TASK STATEMENT:
Lines from the first one down to the one containing "我的第一本中文故事?&#183;?物系列 : 小刺??果子" in the data below are the only ones needed; please return them exactly, both ends included.

TASK DATA:
= Beginning of Section =
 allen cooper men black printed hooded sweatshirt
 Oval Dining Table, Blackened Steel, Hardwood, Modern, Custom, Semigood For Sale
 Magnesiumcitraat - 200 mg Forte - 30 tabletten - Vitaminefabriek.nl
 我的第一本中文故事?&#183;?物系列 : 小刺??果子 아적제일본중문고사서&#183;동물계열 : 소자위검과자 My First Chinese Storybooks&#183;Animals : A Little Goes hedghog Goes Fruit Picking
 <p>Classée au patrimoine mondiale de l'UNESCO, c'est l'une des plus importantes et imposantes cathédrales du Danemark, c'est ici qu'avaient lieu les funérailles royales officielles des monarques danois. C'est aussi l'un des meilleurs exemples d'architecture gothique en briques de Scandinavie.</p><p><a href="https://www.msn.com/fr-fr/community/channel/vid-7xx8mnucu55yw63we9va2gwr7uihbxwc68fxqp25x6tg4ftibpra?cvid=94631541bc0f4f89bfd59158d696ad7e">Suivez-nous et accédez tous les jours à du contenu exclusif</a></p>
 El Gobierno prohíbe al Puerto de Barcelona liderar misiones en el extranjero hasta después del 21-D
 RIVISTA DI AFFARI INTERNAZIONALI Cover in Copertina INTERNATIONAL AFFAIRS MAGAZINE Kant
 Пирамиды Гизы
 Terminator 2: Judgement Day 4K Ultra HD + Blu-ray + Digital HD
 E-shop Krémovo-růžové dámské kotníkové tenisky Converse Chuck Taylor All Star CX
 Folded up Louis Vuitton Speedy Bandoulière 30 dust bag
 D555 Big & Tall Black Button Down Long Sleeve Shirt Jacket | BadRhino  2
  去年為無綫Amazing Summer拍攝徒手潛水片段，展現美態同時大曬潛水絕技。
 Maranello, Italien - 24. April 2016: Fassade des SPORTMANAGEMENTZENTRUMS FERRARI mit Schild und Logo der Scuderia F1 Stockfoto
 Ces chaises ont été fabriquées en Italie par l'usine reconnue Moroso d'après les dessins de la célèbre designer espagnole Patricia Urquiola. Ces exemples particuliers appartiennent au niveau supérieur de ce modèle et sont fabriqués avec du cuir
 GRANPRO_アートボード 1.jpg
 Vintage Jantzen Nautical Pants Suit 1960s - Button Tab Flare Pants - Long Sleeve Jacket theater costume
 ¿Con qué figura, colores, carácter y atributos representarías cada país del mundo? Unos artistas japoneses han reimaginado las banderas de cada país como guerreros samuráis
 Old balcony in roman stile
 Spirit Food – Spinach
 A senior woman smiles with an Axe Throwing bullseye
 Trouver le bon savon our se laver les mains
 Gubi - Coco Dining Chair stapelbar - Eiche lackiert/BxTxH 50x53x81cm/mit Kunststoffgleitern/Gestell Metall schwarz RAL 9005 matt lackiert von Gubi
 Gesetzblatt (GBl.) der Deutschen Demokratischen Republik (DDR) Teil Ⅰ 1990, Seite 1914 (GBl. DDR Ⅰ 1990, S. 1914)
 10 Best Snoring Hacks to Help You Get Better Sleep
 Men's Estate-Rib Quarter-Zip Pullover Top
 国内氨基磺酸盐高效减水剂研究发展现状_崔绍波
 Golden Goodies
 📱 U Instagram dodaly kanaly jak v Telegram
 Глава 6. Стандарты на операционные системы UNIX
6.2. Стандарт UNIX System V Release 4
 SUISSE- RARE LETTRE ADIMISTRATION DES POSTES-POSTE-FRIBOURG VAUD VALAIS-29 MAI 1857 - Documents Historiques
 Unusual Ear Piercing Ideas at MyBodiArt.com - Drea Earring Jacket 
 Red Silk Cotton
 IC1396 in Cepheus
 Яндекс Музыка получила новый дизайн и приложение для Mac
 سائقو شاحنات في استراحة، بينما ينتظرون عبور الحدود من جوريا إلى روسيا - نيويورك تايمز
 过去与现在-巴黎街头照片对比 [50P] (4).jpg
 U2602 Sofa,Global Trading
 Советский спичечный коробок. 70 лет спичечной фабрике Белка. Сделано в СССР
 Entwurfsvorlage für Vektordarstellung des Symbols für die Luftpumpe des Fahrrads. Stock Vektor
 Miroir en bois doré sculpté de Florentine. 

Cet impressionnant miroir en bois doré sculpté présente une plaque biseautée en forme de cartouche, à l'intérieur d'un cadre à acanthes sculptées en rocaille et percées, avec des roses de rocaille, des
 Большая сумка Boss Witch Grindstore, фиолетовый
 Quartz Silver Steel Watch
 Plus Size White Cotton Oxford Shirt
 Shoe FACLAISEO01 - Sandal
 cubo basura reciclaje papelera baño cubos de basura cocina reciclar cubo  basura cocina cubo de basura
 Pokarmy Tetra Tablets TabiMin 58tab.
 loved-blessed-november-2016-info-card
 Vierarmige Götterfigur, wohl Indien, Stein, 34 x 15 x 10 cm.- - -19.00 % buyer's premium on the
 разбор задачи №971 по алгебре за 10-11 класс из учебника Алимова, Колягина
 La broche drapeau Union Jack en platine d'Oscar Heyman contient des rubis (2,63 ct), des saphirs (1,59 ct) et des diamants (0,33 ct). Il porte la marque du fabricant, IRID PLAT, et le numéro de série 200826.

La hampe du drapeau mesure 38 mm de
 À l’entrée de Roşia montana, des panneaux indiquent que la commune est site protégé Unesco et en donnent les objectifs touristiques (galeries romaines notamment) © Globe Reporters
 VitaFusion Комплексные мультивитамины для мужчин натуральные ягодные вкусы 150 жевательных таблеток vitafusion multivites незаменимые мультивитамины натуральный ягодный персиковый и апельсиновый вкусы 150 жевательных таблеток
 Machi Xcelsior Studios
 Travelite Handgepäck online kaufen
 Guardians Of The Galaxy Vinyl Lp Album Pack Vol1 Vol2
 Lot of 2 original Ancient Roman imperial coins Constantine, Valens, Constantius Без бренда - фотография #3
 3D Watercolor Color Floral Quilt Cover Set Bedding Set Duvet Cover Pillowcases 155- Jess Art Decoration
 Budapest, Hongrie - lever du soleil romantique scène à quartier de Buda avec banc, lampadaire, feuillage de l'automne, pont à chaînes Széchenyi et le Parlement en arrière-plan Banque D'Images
= End of Section =
RESULT FOR THIS EXERCISE:
 allen cooper men black printed hooded sweatshirt
 Oval Dining Table, Blackened Steel, Hardwood, Modern, Custom, Semigood For Sale
 Magnesiumcitraat - 200 mg Forte - 30 tabletten - Vitaminefabriek.nl
 我的第一本中文故事?&#183;?物系列 : 小刺??果子 아적제일본중문고사서&#183;동물계열 : 소자위검과자 My First Chinese Storybooks&#183;Animals : A Little Goes hedghog Goes Fruit Picking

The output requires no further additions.